My story, The Cicada Clock also seems to have inspired the front cover.
I also get to share the Table of Contents with Brisbane-based authors I know, Stacey Larner and Tiggy Johnson.
From the Tincture Journal website:
Issue Six of Tincture Journal is available now. To celebrate the launch of this issue, an interview between Stuart Barnes and poet Stu Hatton is now freely available on our website along with the rest of our interview series. Inside the issue you can also find Stuart’s interview with Nathanael O’Reilly. Both of these poets have new books being released this year and we are very excited to be featuring their poetry and the accompanying interviews.
Table of Contents
- Editorial, by Daniel Young
- Inferior Bedrooms, Part Six, by Meg Henry
- The Horror of the Body, by Sam van Zweden
- Waiting, by Tiggy Johnson
- The Interesting People of Mount Kiliminjaro, by Stephen Koster
- Christian Girls, by Nathanael O’Reilly
- I Was Not Like the Other Kids, by Nathanael O’Reilly
- Nathanael O’Reilly interviewed by Stuart Barnes
- The Cicada Clock, by Adam Byatt
- Spash, by Les Wicks
- Carnival, by Beau Boudreaux
- Rain of Ashes, by Rhys Timson
- It’s a Marilyn Free-For-All, by John Grey
- The Man Who Killed James Dean, by Sam Ferree
- Back to Front, by Nathan Hondros
- Memory, by Andrew Hutchinson
- hail the goer, by Stu Hatton
- i sit unfinished in breath-, by Stu Hatton
- A Look of Revelation, by Deborah Guzzi
- The Favour, by Annette Siketa
- Circles, by w.m.lewis
- Only After School, by Anna Ryan-Punch
- Mrs Fernandez, by Su-May Tan
- The Happy Mule, by Frank Scozzari
- Proximity, by S. G. Larner
- White Noise, by Eleanor Talbot
- It’s An Adventure If You Want It To Be, by Calista Fung
I hope to post a review of the issue next week; I’ve already read a few pieces and there is some amazing work.
Can I please encourage you, if you are a reader, to support small literary magazines whenever you can as they are vital in building our literary culture. A copy will only set you back $8 (and back issues are only $5). There is a wealth of reading material in a superb range of short stories, poetry and interviews.
But a bit of background to the story (and no spoilers).

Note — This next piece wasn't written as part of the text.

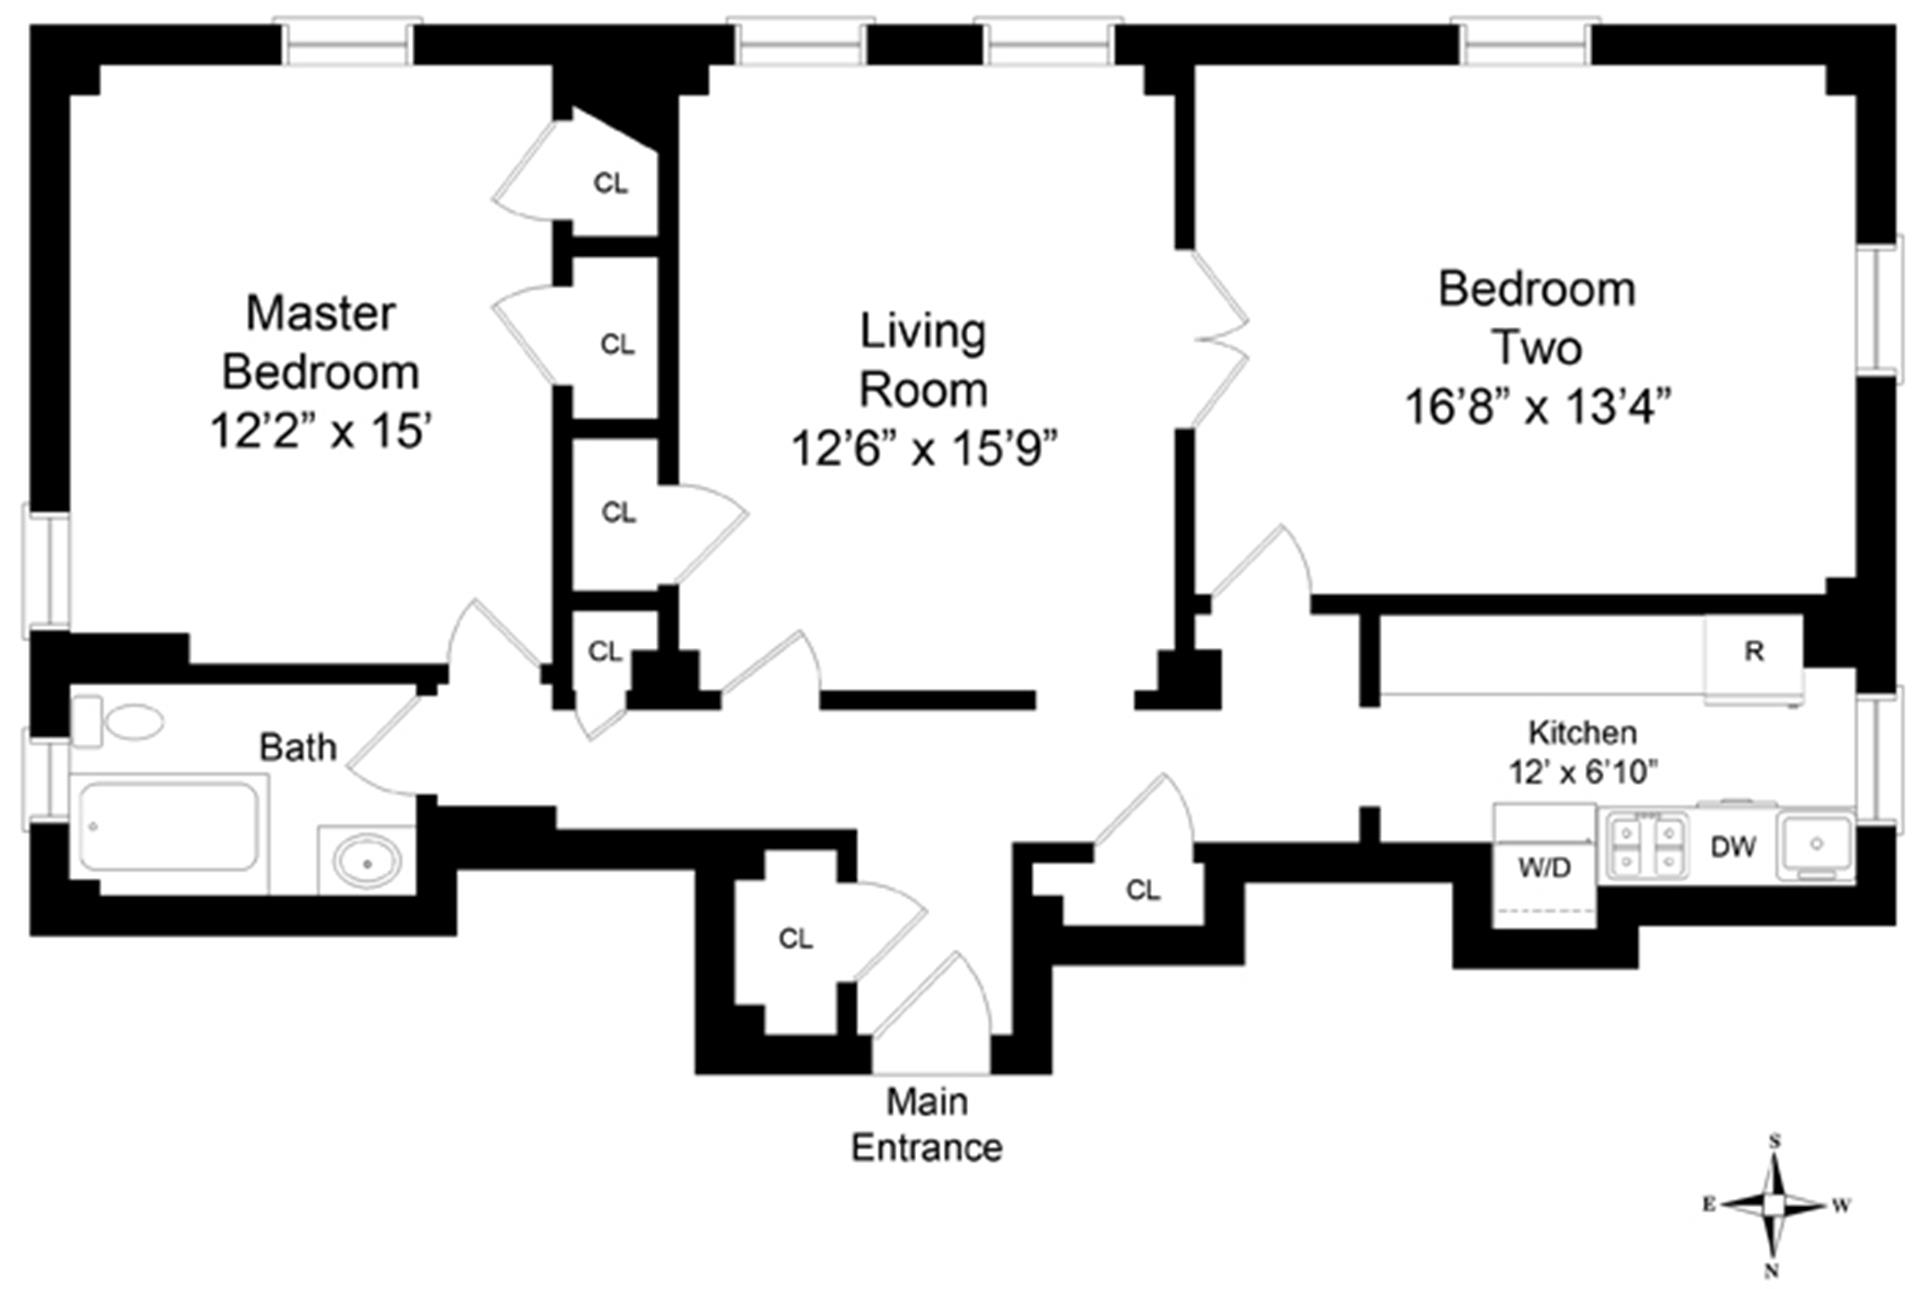 Floor plan of 375 Riverside Drive, 9F - Upper West Side, New York
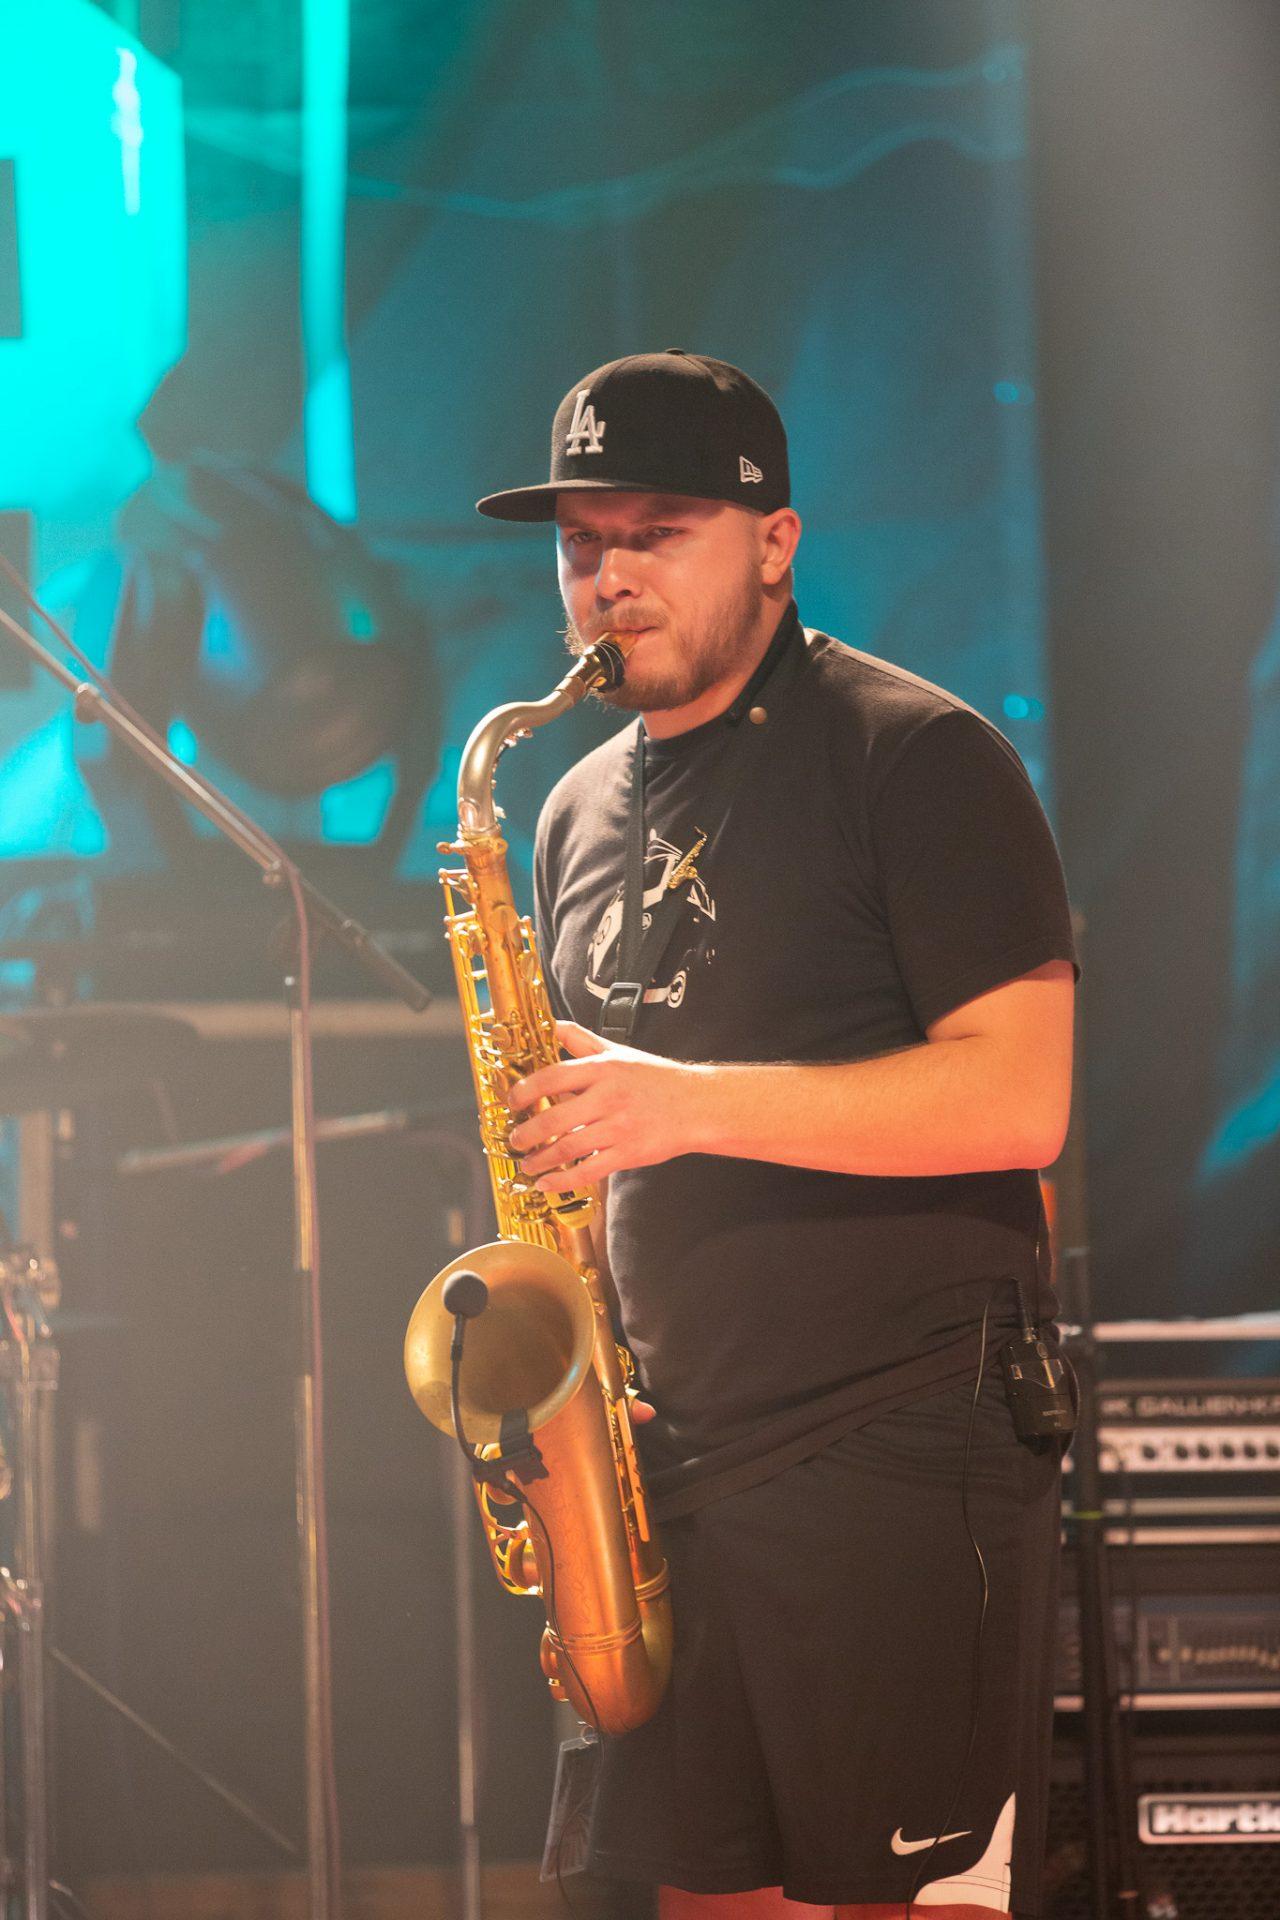 NH3 - Saxophonist

I wrote the story in January when on holidays on the beach in Brunswick Heads, just north of Byron Bay in New South Wales, Australia.
I forget which book I was reading (I was working through three) but it had a line about cicadas and the image stuck. I began the story on my iPad, throwing down scenes and ideas about two childhood friends in their final year of primary school, prior to starting “big school” the following year. It is set in the late 80s, a time of nostalgia for me (but it’s not autobiographical).
It took a while to find the focus of the story, utilising the cicada as a metaphor of adolescent metamorphosis, framed by school as the awkward ground of burgeoning adolescence and puberty, mixed with the innocent acceptance of life as it is and a burgeoning awareness of sexuality.
I made the conscious decision to write this story in a different style; to forgo my usual poetic, flowery prose and instead strip it back to bare, almost minimalistic sentences. I have a tendency to use imagery prolifically in my stories; here I pared it back to single images or none at all. Instead I wanted the action and dialogue to create the characters, setting, thematic focus and subtext of the narrative. It was to mimic the headspace of the pre-teen protagonists, letting the story unfold through their eyes.
I hope I can encourage you to purchase Issue Six of Tincture Journal, support literary magazines and enjoy the literary delights.